Most waters still low, well worth a go

Autumn is here.

Last Sunday on the way to fish the Maniototo the car thermometer dropped to 2degC and a fleece was needed once on the water.

Despite a slow start it was a warm day.

Later in the week it was 28degC on the Taieri Plain and the water temperature was 17degC — perfect for trout feeding.

Other than on the coastal strip from Dunedin to North Otago little rain has fallen.

Danseys Pass has had the most over 50mm and Swampy Summit over 25mm.

This has had little effect on inland rivers, but those in East and North Otago have had a welcome rise in level.

The Kyeburn, which rises near Danseys Pass, rose enough to affect the Taieri River below their confluence, but not enough to reduce the chances of catching a fish this weekend.

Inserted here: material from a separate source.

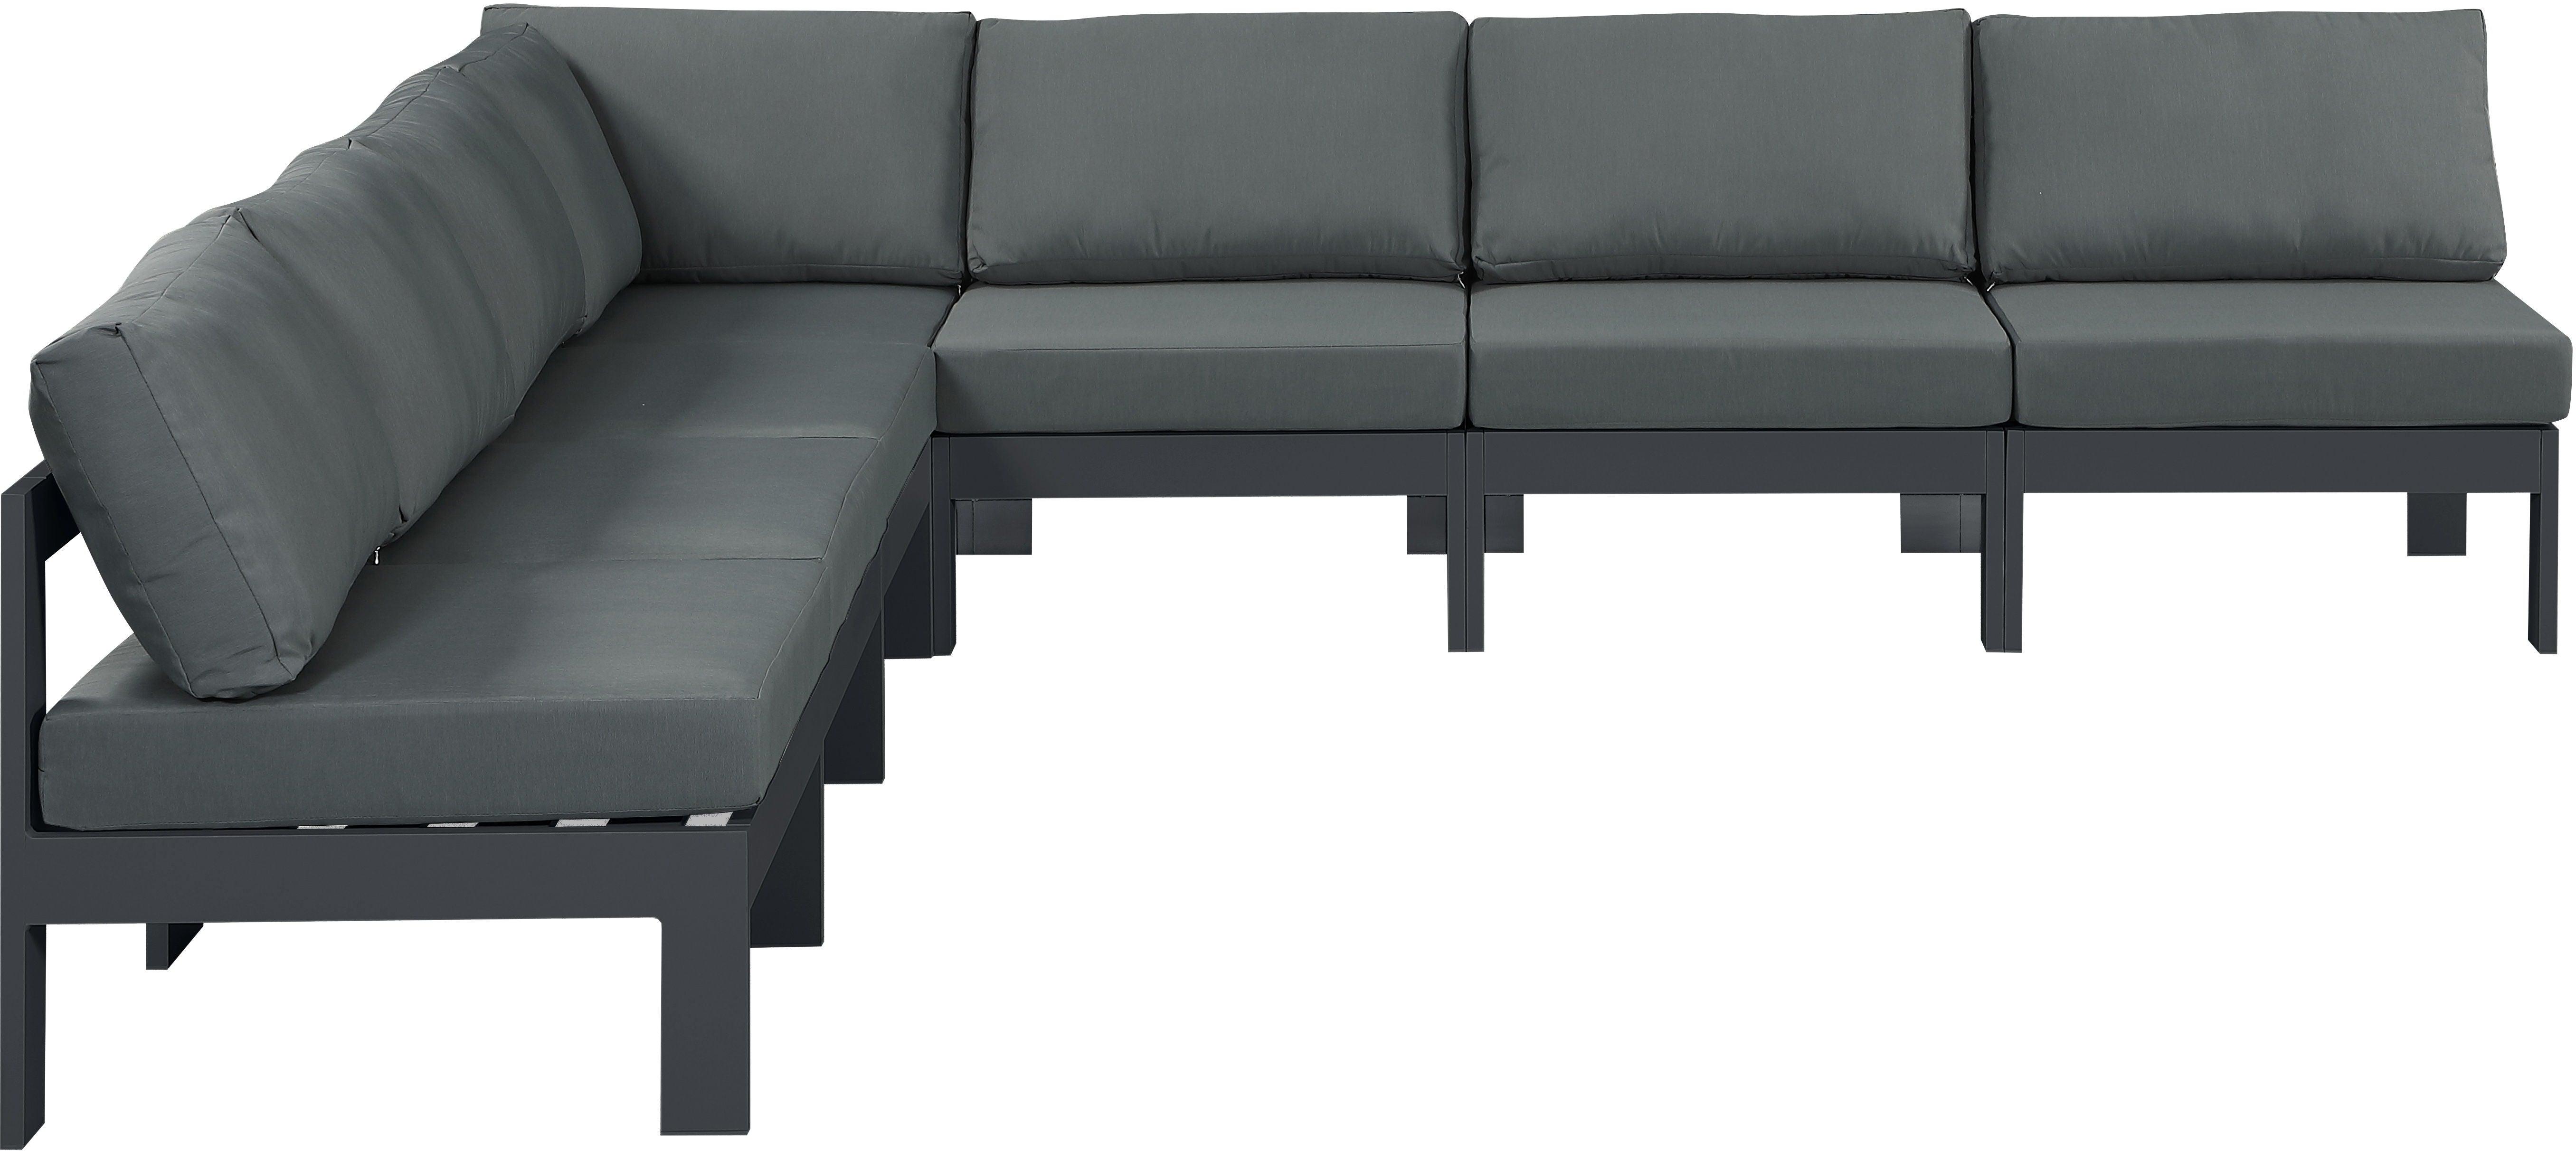 Meridian Furniture - Nizuc - Outdoor Patio Modular Sectional 7 Piece - Gray Dark - Fabric - Modern & Contemporary - 5th Avenue Furniture

So most waters are still low and well worth fishing this weekend.

Because the weather has been fine and calm there have been spinner falls during the day bringing trout to the surface.

This should continue at least in the next few days.

As the water cools duns should start to appear during the day.

With rivers being very low trout have been concentrated in deeper pools and the ripples running into them.

When the water is warm trout avoid shallows as they need deep water in which to seek refuge when disturbed.

Such holding pools are well worth a visit in the evening, when trout will rise to sedges or mayflies that hatch.

The upper Clutha River is very low, which makes it easier to fish and allows some of the fishier spots to recover.

Fishing a sedge from dusk and on into darkness can provide great fishing.

Some days on the water are more memorable than others: either a lot of fish have been caught or an exceptionally big fish. But neither of these are essential for the day to be fixed in the memory banks forever.

I had one of these days during the week.

It was a scorching cloudless day on the lower Taieri River with barely a breath of wind.

I started at a favourite spot where I have caught fish already this season.

It is not possible to see into the water at that point, so I fished it blind with a weighted nymph and on the third cast was rewarded with a trout of 2kg. A fine start to the day.

In the ripple above the line I lifted the rod and felt the weight of a good fish, which swam past me at high speed, the biggest Taieri fish that I have hooked this year.

Then the hook pulled out.

The next few hours made up for this loss with trout rising at regular intervals and some of them taking my fly.

A couple of ladies came paddling down the river in their kayaks and apologised for disturbing my fishing.

I told them they would make no difference to my fishing and within two minutes I netted the biggest fish of the day.